Our whole body has to be reconstructed for us to feel beautiful. Lip, nose, knee jobs. I can’t keep up anymore. The eyebrows replaced by several lines of eyepencil. The lashes enhanced by fakes to easily bat. Foundation, concealer, not a single spot should be seen. Butt and boob implants. You have to be well endowed to attract a man of worth. Hair covered up in human hair, why? I pity a girl I know personally. I was seeing her pictures and wondering to myself from when did that face acquire that ka-rangi. Then we met. Her face was the new ‘thang’ in town. Her other body parts were the same old dark her (she was in a dress, a mini, that’s how I know about her parts). Might be her strategy. Let’s not judge. One step at a time, right?
I don’t go out much anymore but everywhere I look screams: Resh, you got to upgrade!! Girl, the century is passing you by. I almost listen. Then I realize it’s not worth it. For one I love my eyebrows, my boobs are heaven, my skin colour isn’t too even but it’s light in all the right places. Curves? I was particularly pissed when some guy I met on social media asked me to send him a pic of me in jeans. He was sure I would be curvy. Till date he is awaiting to see those ‘hips’. Maybe after birth..what’s the rush? Though the competition is stiff, I’ll come out of it alive.

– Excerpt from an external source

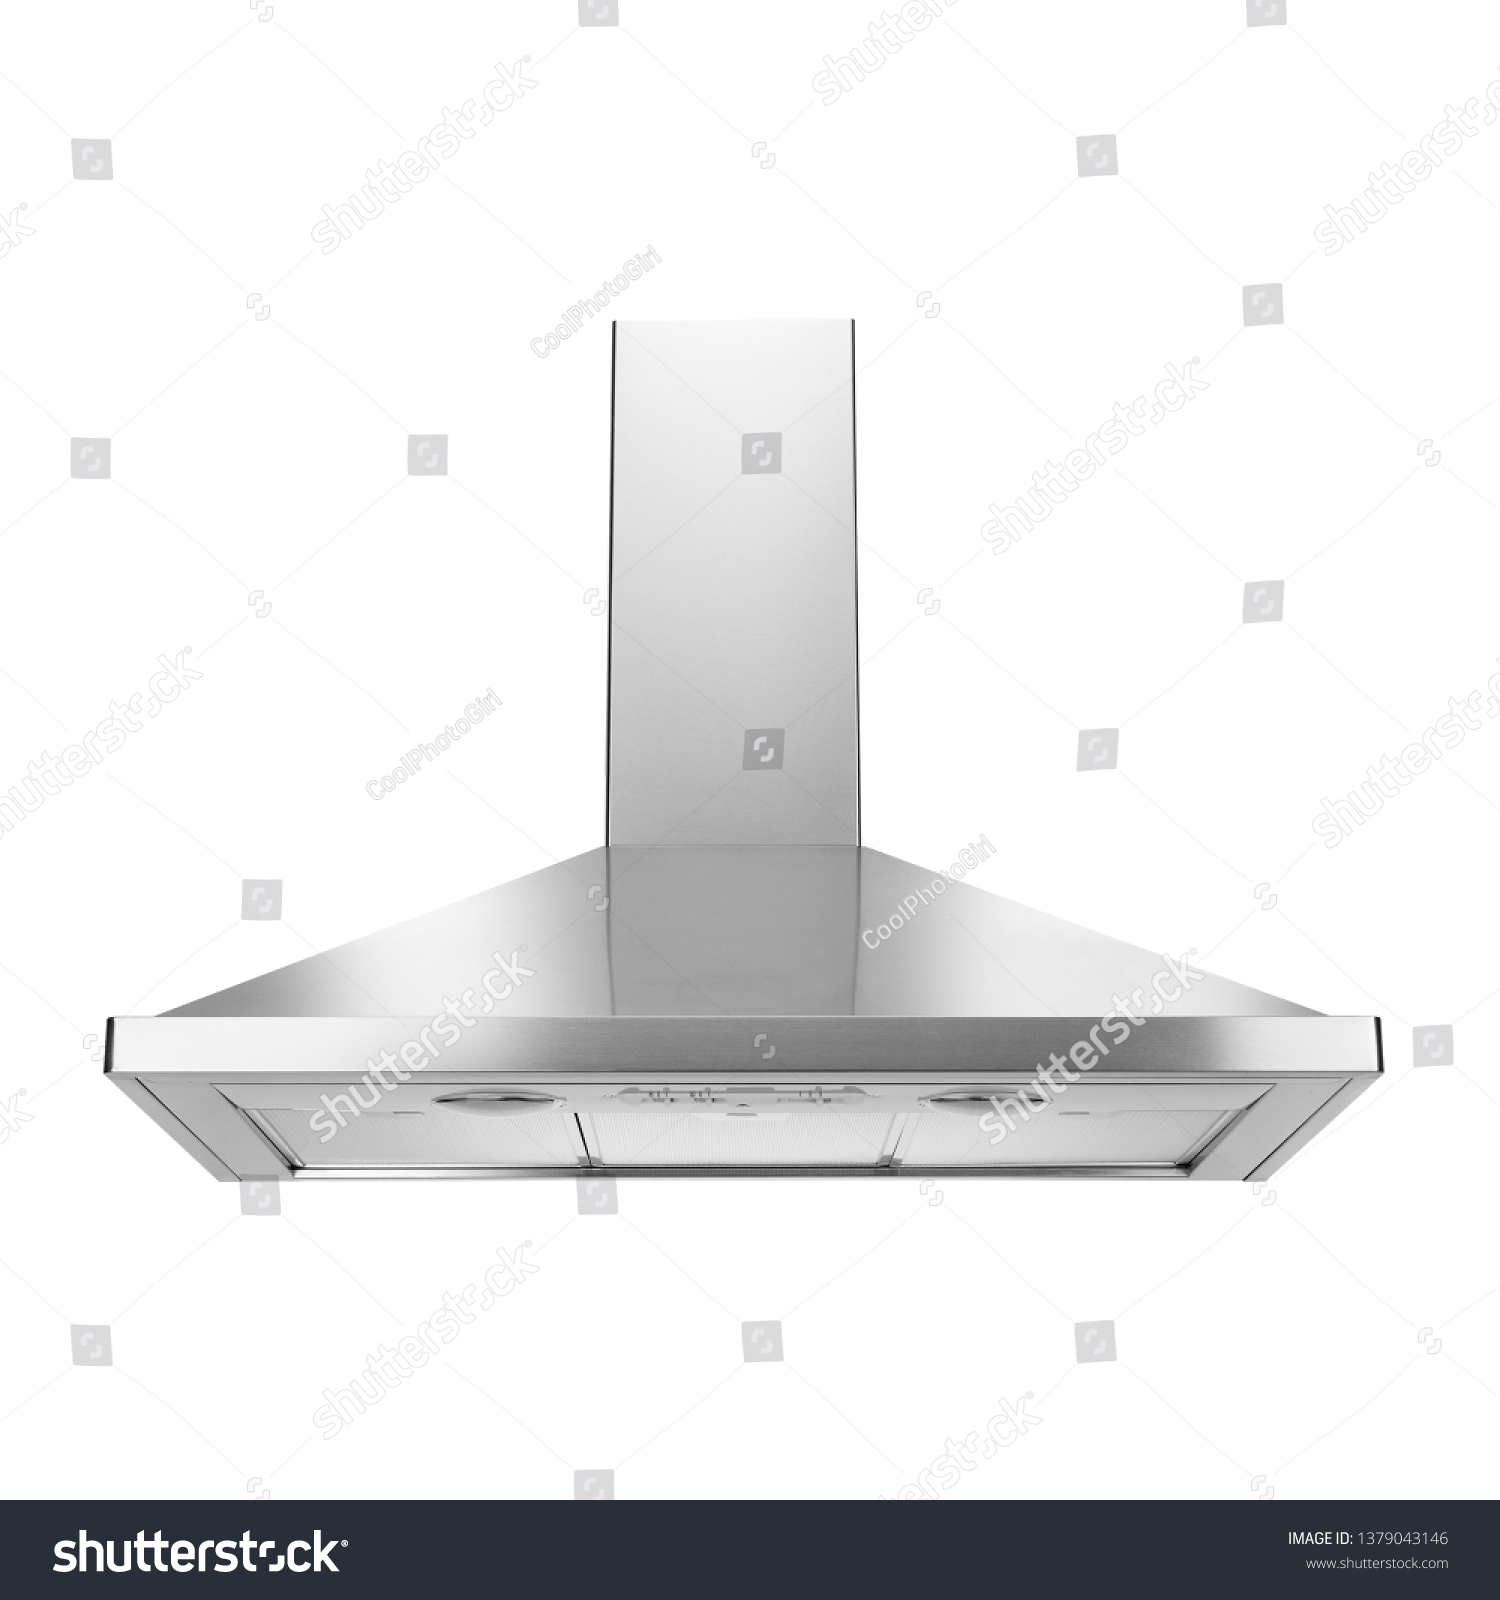 Range Hood Isolated on White Background. Cooking Canopy. Stainless Steel Fume Extractor. Island Ventilation.  Front View of Electric Chimney. Kitchen and Domestic Major Appliances #1379043146

As a woman I totally get the need to look good and feel it but too much of everything is just that, TOO MUCH! Some standards are worth the struggle but changing your body parts doesn’t make you any better of a person. Cut the weight, lose the tummy yes. You can redefine yourself, you don’t have to change your body to get over your esteem issues. Not everyone can accept you the way you are. And you cannot be perfect. Those few flaws are totally perfect!